Whenever someone uses the word optimum, I always remember that there are many different versions of optimum. So you need to define it first. For example: the Kalman filter is optimum in a least squared error sense. There are other filters including one which minimizes the maximum error. It all depends on what you want.
I see that you mention simple and reliable but don't elaborate.

While the math behind the Kalman filter is complex, the implementation is not.

Using a magnetic attitude indicator has its own problems. One that few think of is the problem of launch rods/rails made from magnetic materials. Even unmagnetized iron pipe will alter the local field significantly.
The biggest problem with using a magnetic sensor is that it requires user adjustment for just about every flight. This is bound to be forgotten or just plain messed up at some point.
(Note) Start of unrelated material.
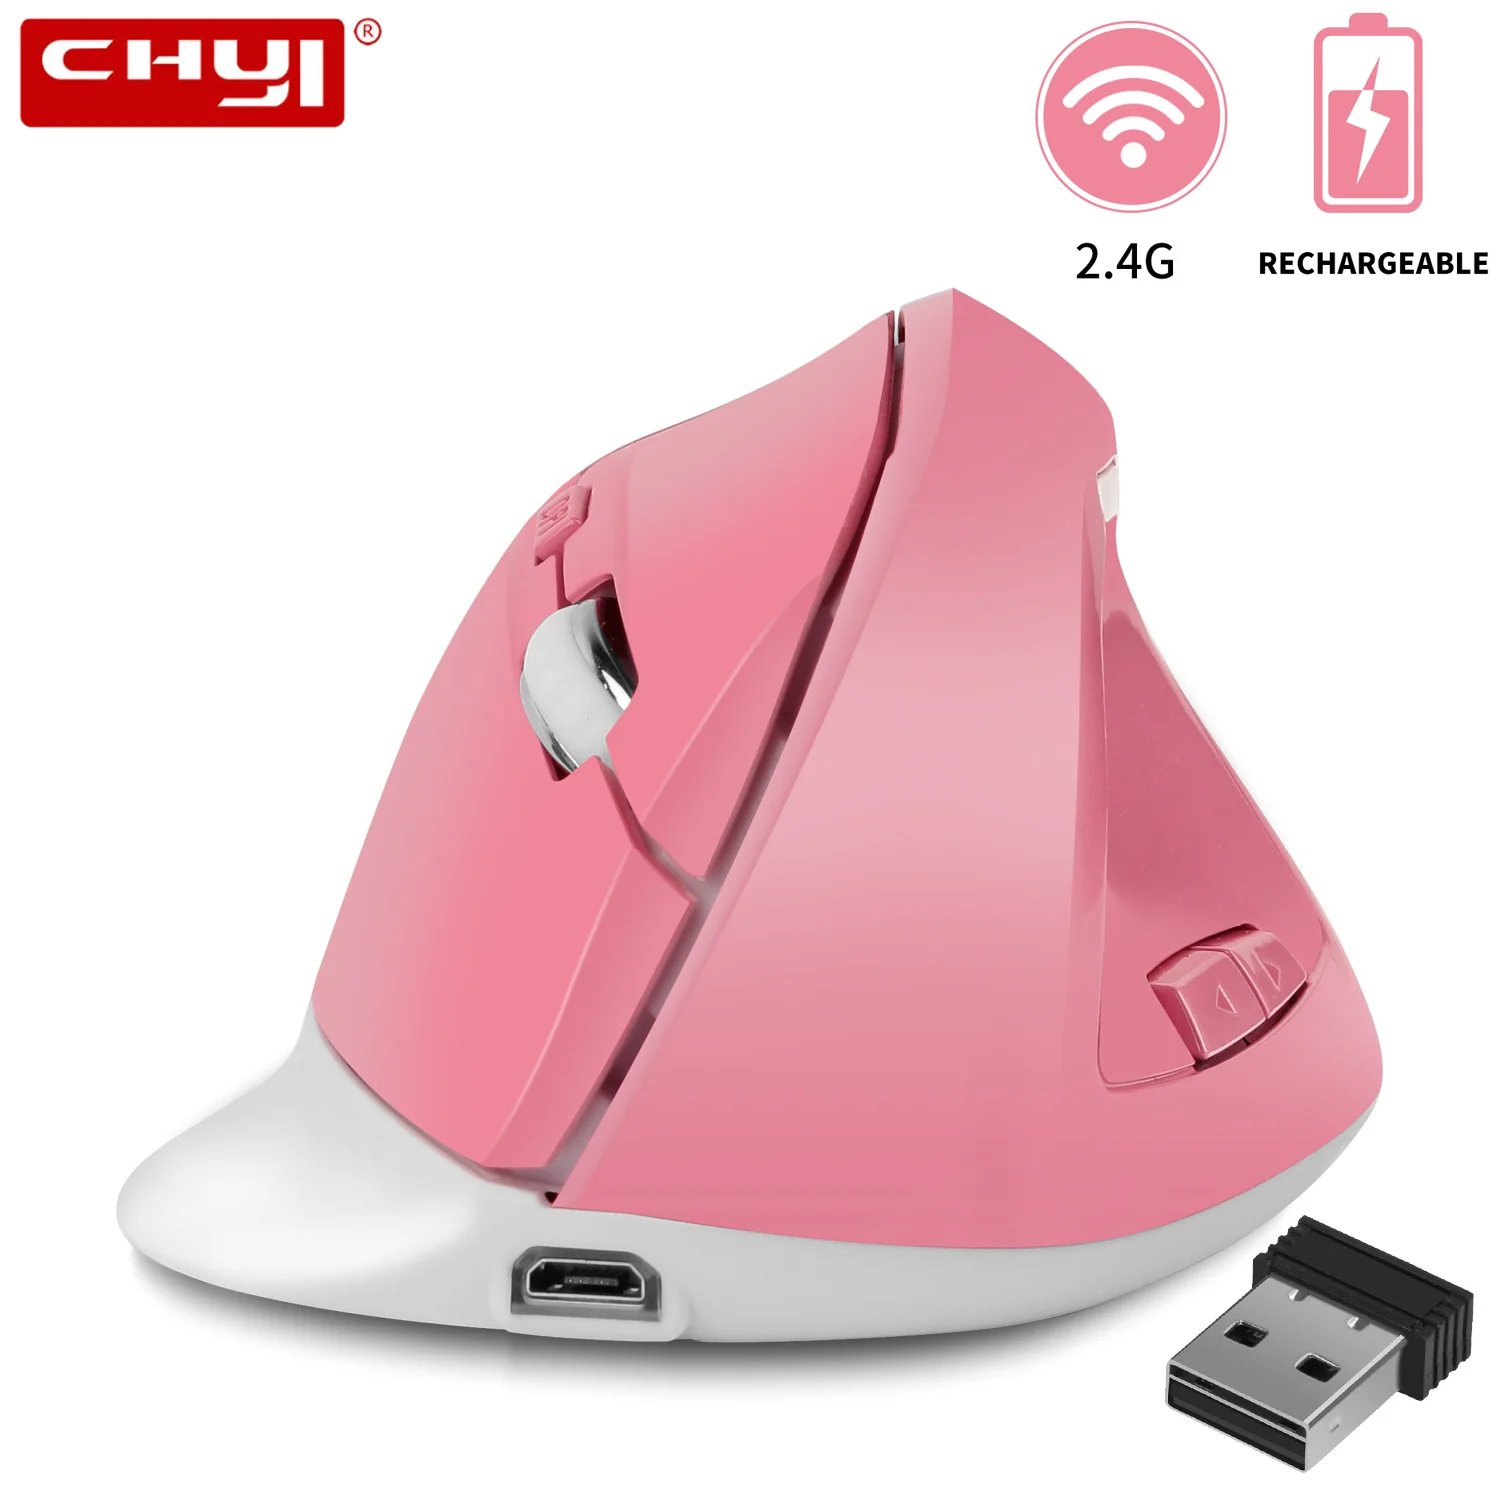 

CHYI Wireless Vertical Mouse 2.4Ghz Rechargeable Ergonomic Optical 1600 DPI Pink Girl Computer Mause 3D Gamer Mice For Laptop

While the circuit is simple, its operation is not.
Barometric altimeters are pretty simple but they run into problems during high speed flights. The usual workaround is the Mach inhibit timer. This is simple in concept but introduces operational complexity. It requires the flyer to know what time to use. Believe it or not I saw a level 3 certification flight shred spectacularly because the flyer had set the Mach inhibit timer to the burn time of the motor.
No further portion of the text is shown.